@openai/agentic-legibility — Agent Skill

---
name: agentic-legibility
description: Score a repository's agentic legibility from repo-visible evidence only. Use when Codex needs to audit how easy a codebase is for coding agents to discover, bootstrap, validate, and navigate, especially for harness-engineering reviews, developer-experience audits, repo cleanup, or before/after comparisons after improving docs, tooling, or architectural constraints.
---

# Agentic Legibility

## Overview

Measure how legible a repository is to coding agents using seven repo-visible metrics: bootstrap self-sufficiency, task entrypoints, validation harness, lint and format gates, agent repo map, structured docs, and decision records.

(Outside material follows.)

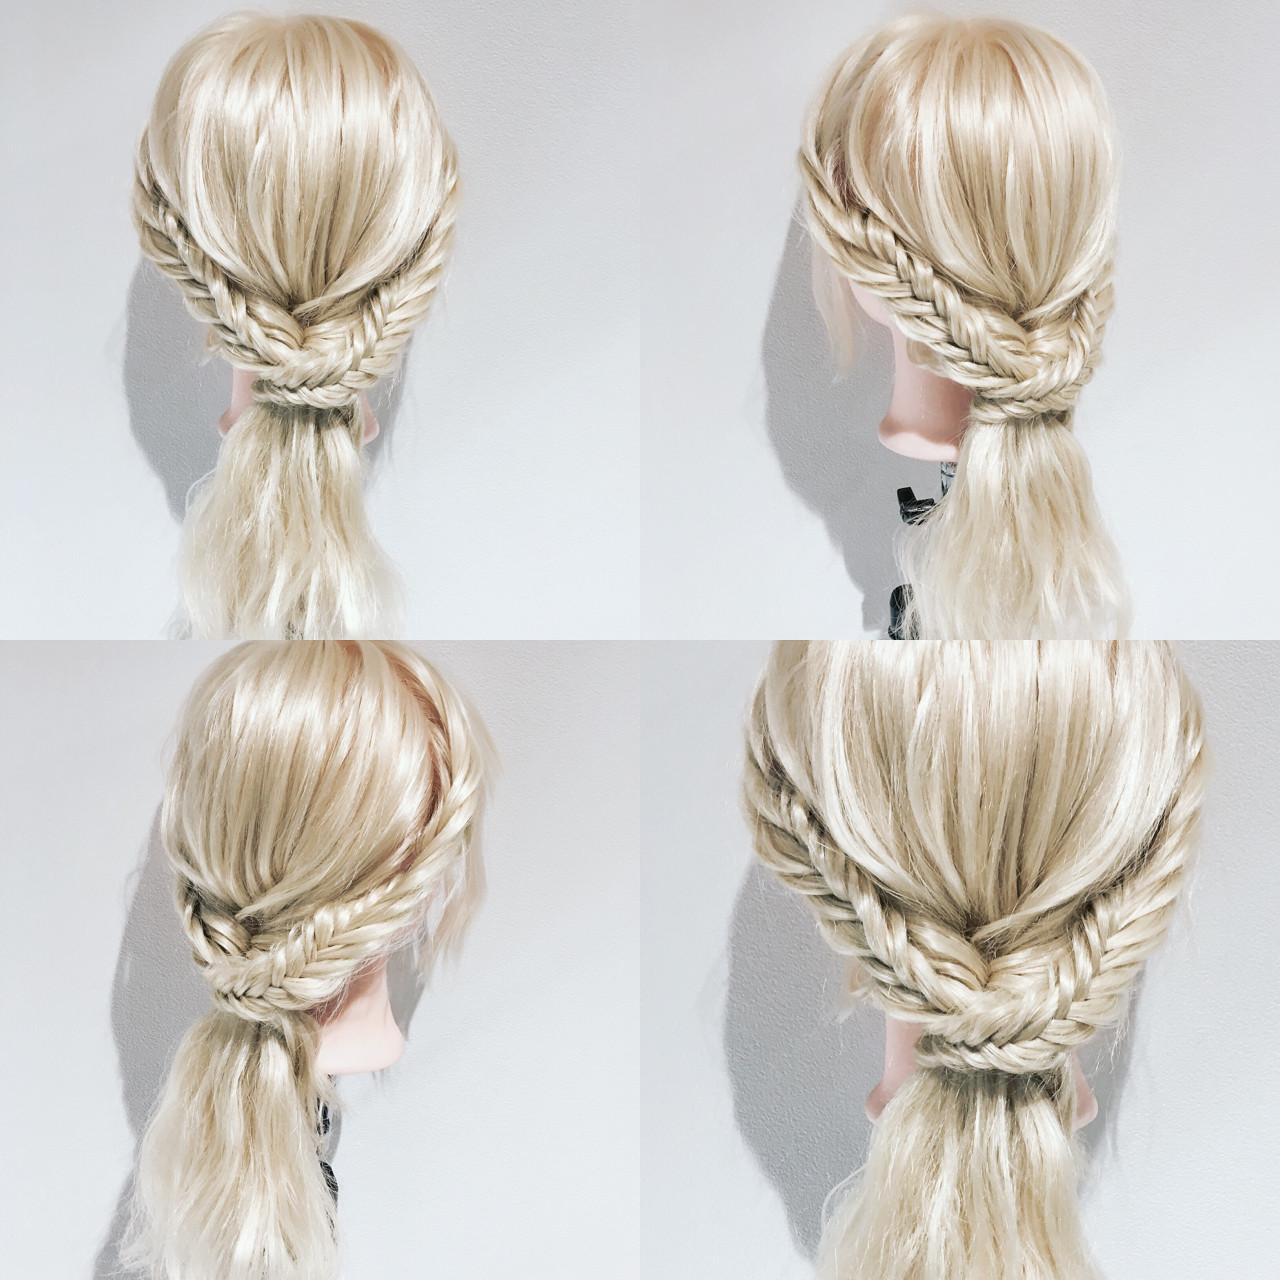 セミロング 上品 エレガント ショート ヘアスタイルや髪型の写真・画像

The scorer can auto-discover nested scopes such as `client/`, `server/`, or language-specific subtrees when the repo clearly routes work into a self-contained subsystem with its own manifests, commands, or agent docs.

Keep the main score limited to evidence present in version control. Do not claim branch protection, CI reliability, team habits, or other external-system properties unless the user asks for a separate operational review.

Use metric selection when you want to split scoring across multiple hosted-shell or Responses API runs and aggregate the JSON results upstream.

## Hosted Use

This folder is the skill bundle you upload or register when you want to mount `agentic-legibility` into hosted shell.

Public docs for that workflow:

- [Skills guide](https://developers.openai.com/api/docs/guides/tools-skills/)
- [Shell guide: Attach skills](https://developers.openai.com/api/docs/guides/tools-shell/#attach-skills)
- [Skills in OpenAI API cookbook](https://developers.openai.com/cookbook/examples/skills_in_api/)

## Workflow

1. Run `scripts/score_repo.py` against the target repository.
2. Check the reported `evaluated_scope` and `discovered_scopes`.
3. If the repo has multiple plausible sub-scopes, inspect the root README or user instructions and rerun with `--scope` when needed.
4. Read `references/scorecard.md` only if you need the exact rubric, want to explain edge cases, or need to adjust recommendations.
5. Inspect a small number of files manually only when the script reports low confidence or the evidence looks stale.
6. Report the selected metric scores, concrete evidence, the largest gaps, and the highest-value next fixes.

## Commands

Run the detector from the skill directory or pass an absolute path:

```bash
python3 scripts/score_repo.py /path/to/repo
python3 scripts/score_repo.py /path/to/repo --list-scopes
python3 scripts/score_repo.py /path/to/repo --scope client
python3 scripts/score_repo.py /path/to/repo --metric bootstrap_self_sufficiency --metric task_entrypoints
python3 scripts/score_repo.py /path/to/repo --metric validation_harness,lint_format_gates --format markdown
python3 scripts/score_repo.py --list-metrics
python3 scripts/score_repo.py /path/to/repo --exclude node_modules --exclude dist
```

Default output is JSON for post-processing. Use Markdown only when you want a human-readable report directly in a reply.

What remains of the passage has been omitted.